After 12 years, Ripple’s president sees its payment and enterprise businesses evolving further

Although Ripple has been around since 2012, it and the XRP Ledger are doubling down on its global payments journey. At the same time, it’s also aiming to become the go-to enterprise infrastructure provider, the company’s president, Monica Long, said on TechCrunch’s Chain Reaction podcast.

Distinct from the Ripple network and protocol, the XRP Ledger is a decentralized public ledger with an open source code base that anyone can contribute to or use, Long said. And there are thousands of developers globally who do, she added.
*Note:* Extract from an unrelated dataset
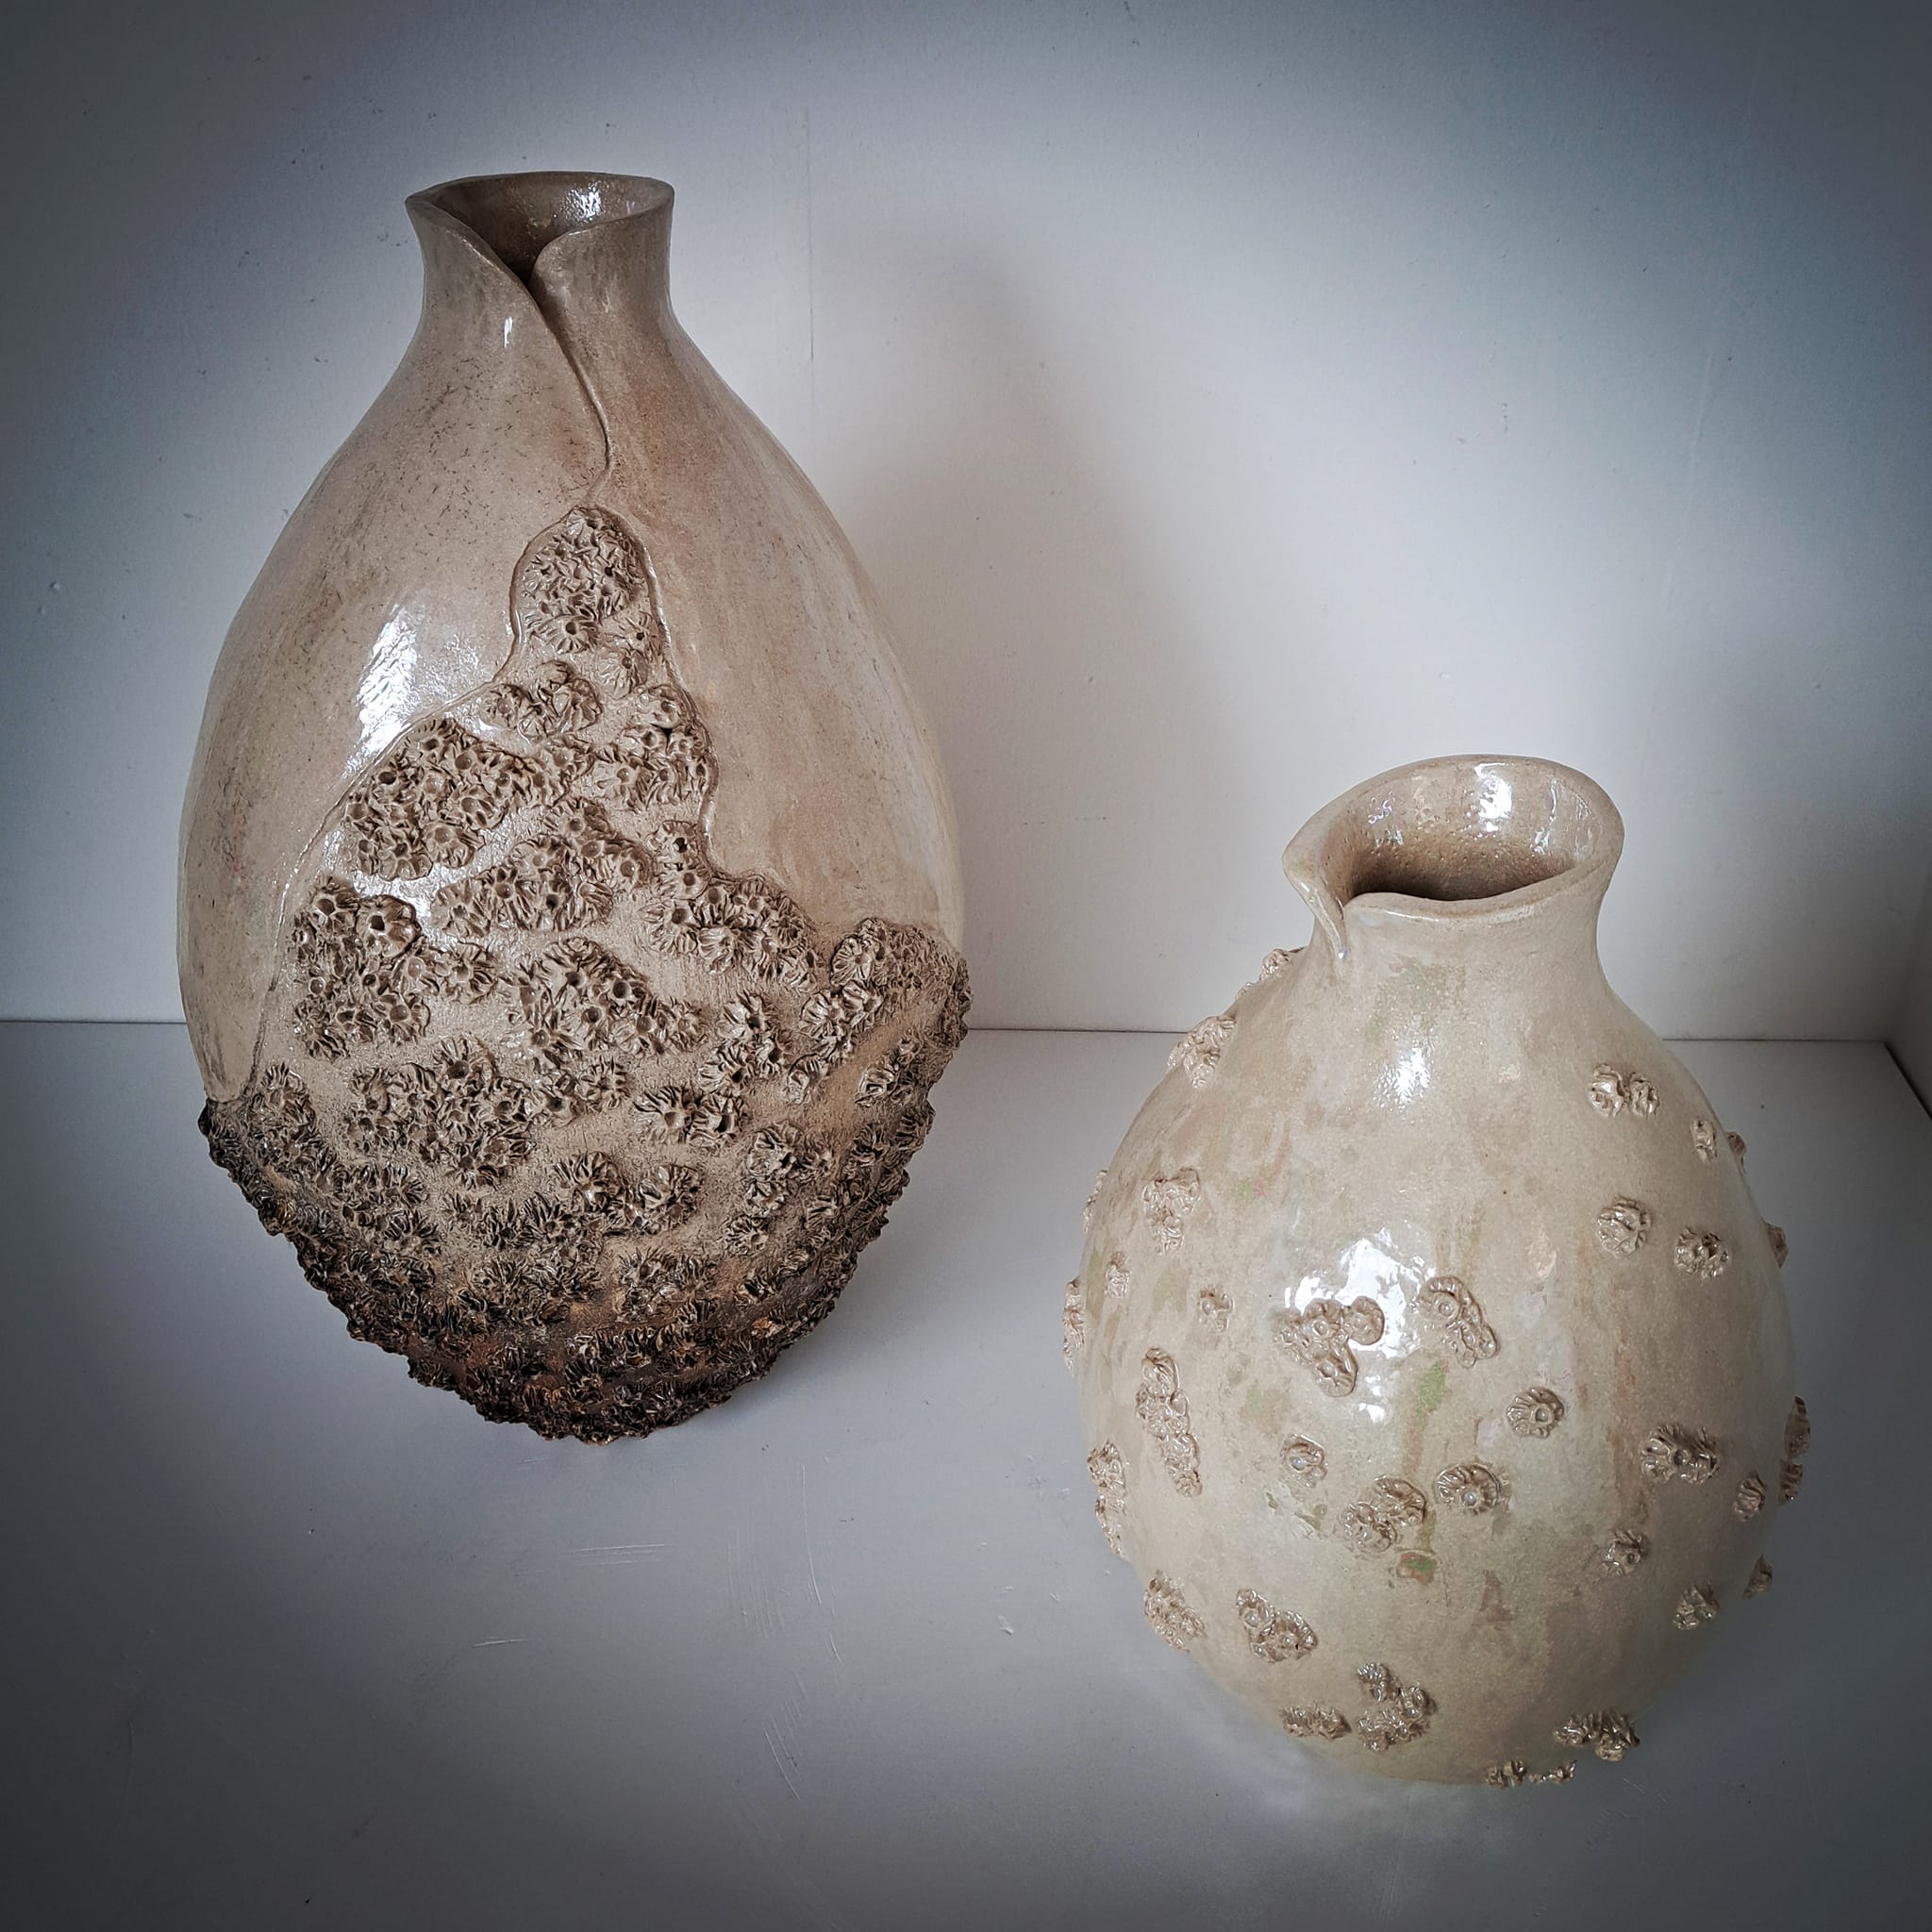 Ceramics from Kentish sculptors Pam Clubb & Gillian Lamb

“The original creators of the ledger saw that this could be a modern system for value movement that is as fast and as free as email,” Long said. “So instead of the analogy of the post office versus email we’ve got the banking system today versus what you can achieve on a blockchain with a decentralized exchange.”


When the ledger first launched in 2012, it imagined it as a version of bitcoin that would achieve faster confirmation times with a lower cost system, Long said. “The developers thought of blockchain and a public ledger as a great way to represent and move and transact value all around the world.”

Blockchains, by default, are transparent through on-chain data, which shows a transaction’s journey, from beginning to end.

“Foreign exchange is pretty concentrated in terms of the players who actually have enough capital to provide liquidity for those transactions,” Long said. “And so when you have a lot of concentration, you have a lack of competitiveness for the pricing.”

But in the future, Long said that blockchain technology could solve problems that traditional financial institutions face using know your customer (KYC) and other compliance requirements through a decentralized environment. “Then you can see more participants acting on or providing liquidity on these decentralized exchanges. So I think that you can see a real monumental shift in the end and costs of those types of transactions.”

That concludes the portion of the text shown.